But seriously, all the huge random kills really tore us up. The villagers really got a huge disadvantage right on day 3, not to mention today.
Also, I wish I had bloody went with my gut feeling and tried to get Drez killed. Too many of his puppets around though.
The villagers had control of a lot of kills, they just didn't use them effectively. Out of four vigilantes, you were the only one to hit a traitor, ever.

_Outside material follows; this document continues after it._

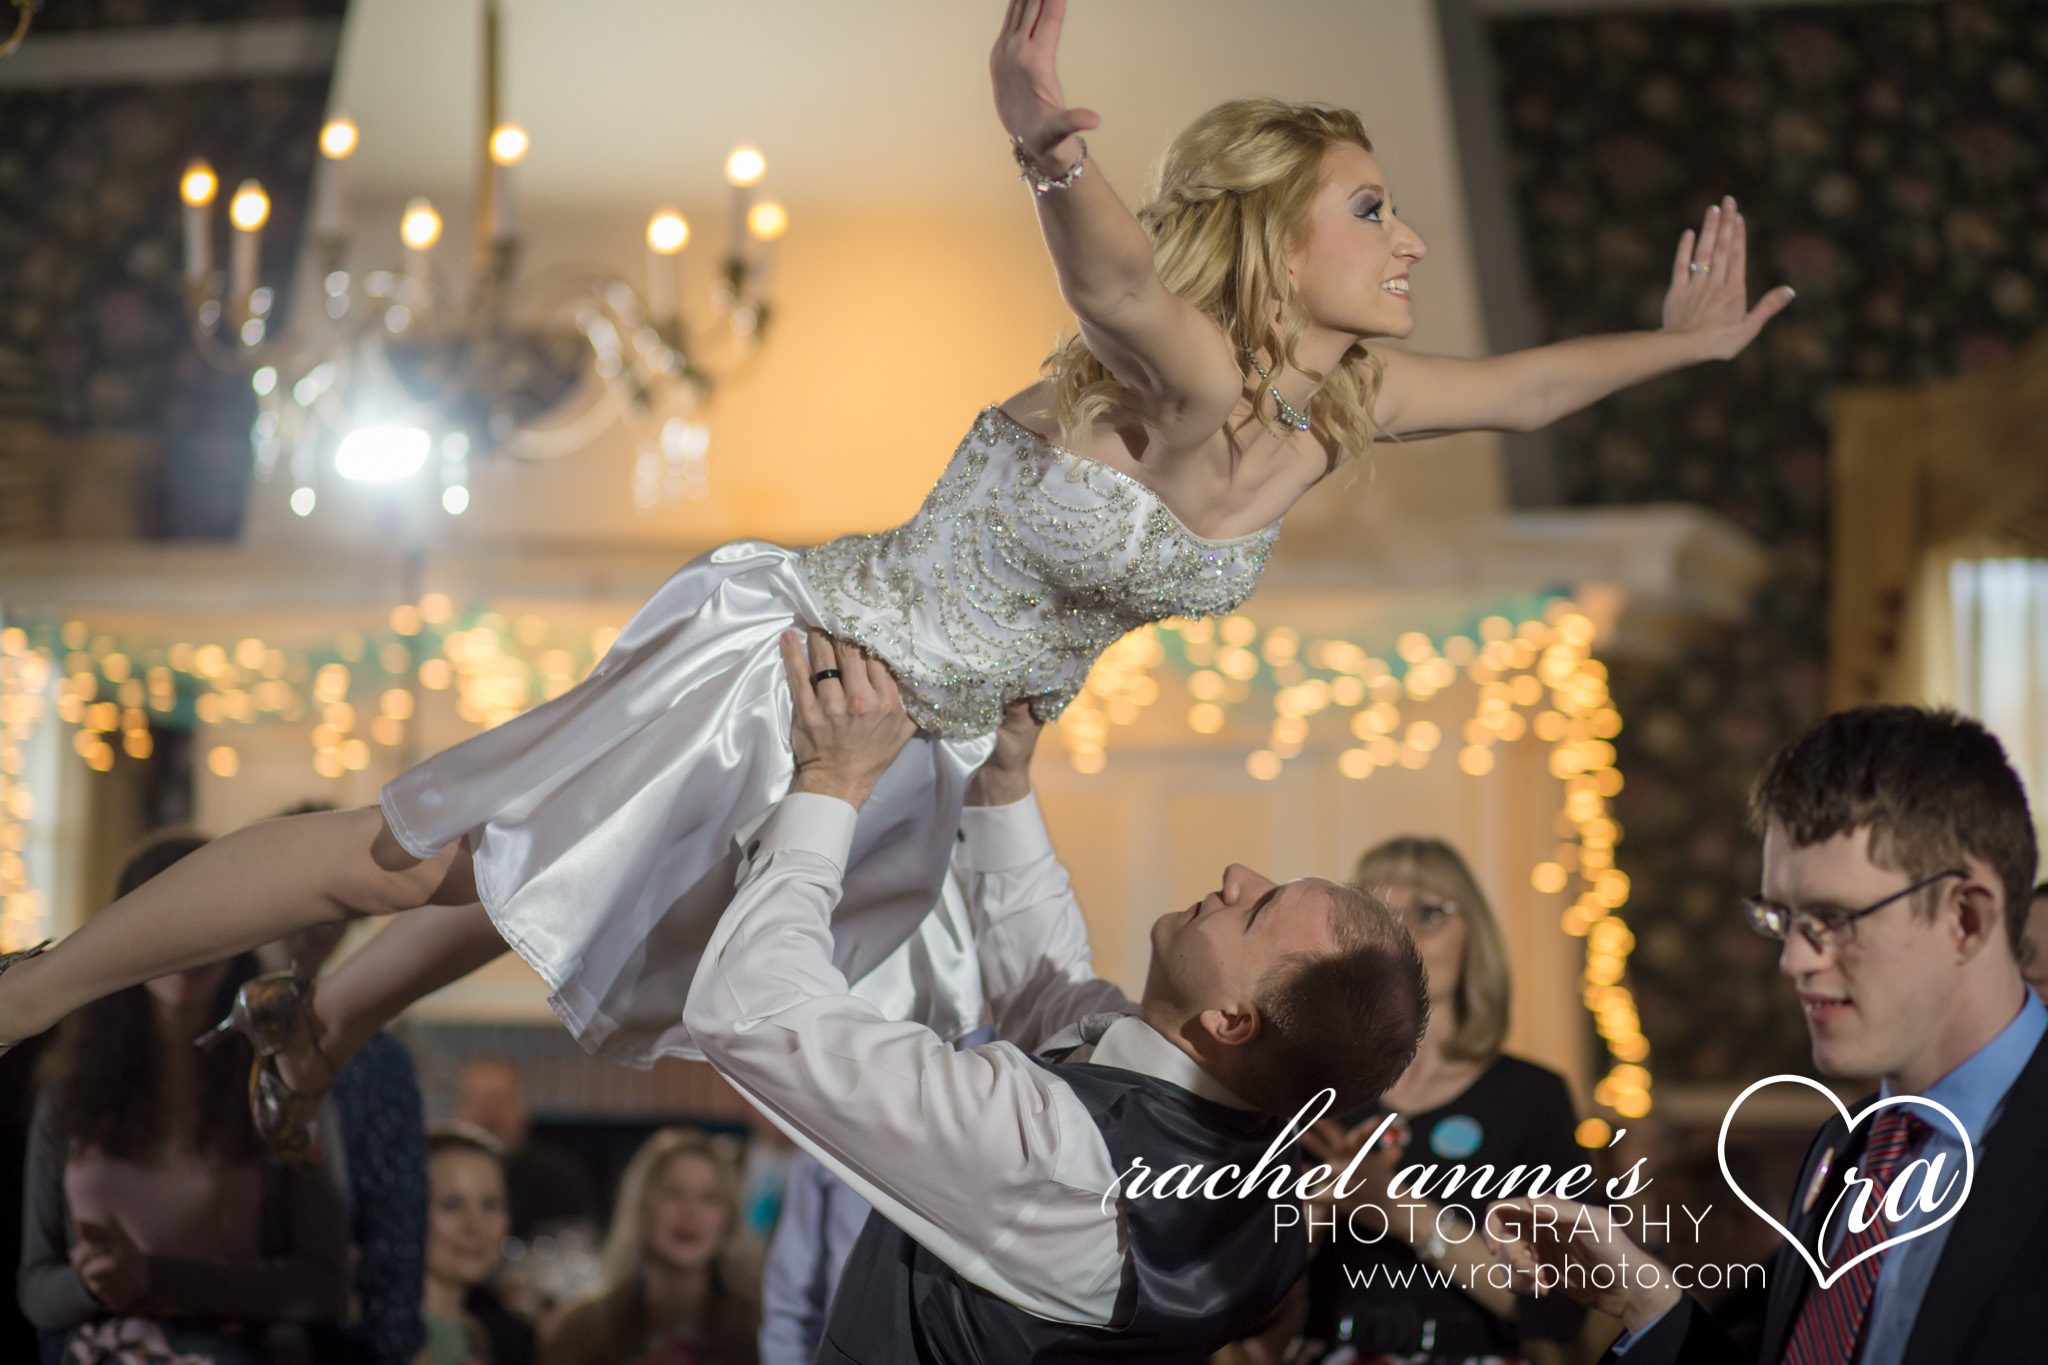 061-JKS-WEDDINGS-THE-FRANKLIN-PA.jpg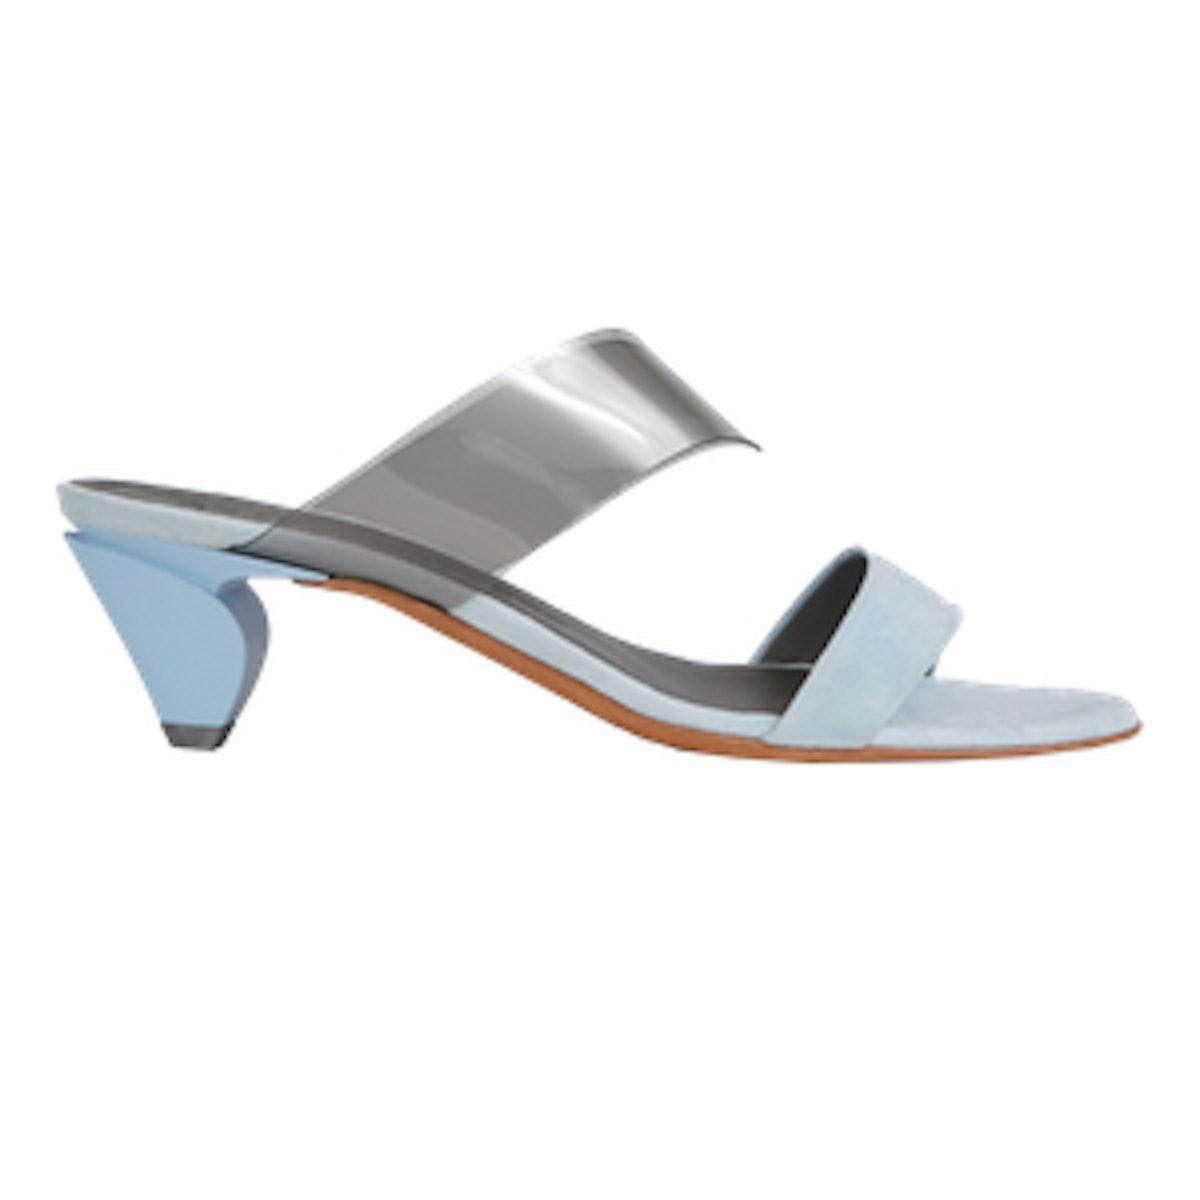 Giada Virgola Azzurro Cielo Sandal

By my count, there were four security officer kills, two atmo tech kills, two toxins kills, and two prison staff kills (EP Gamma) available which the traitors had no direct influence over. The traitors really lucked out when they killed spaik (Toxins) night 1, because not only did they negate those two kills until the Toxins Researcher was replaced (far too late, which was my fault for making EP Beta too hard to activate), control of EP Alpha went from 3/5 innocent to 50% traitors. Even so, if they had gotten their act together and set it off night 2 they would have gotten 1 traitor instead of zero (although, it might not have mattered too much since the three random kills would have had much greater odds of hitting crew at that stage).
I think the biggest reason the crew lost so badly was because they were trying to play this like a regular game where you just wait on the network to do it all for you.
I blame the failure of the activation of the Doug Protocols.
Plus, I totally killed Senior Fish last night.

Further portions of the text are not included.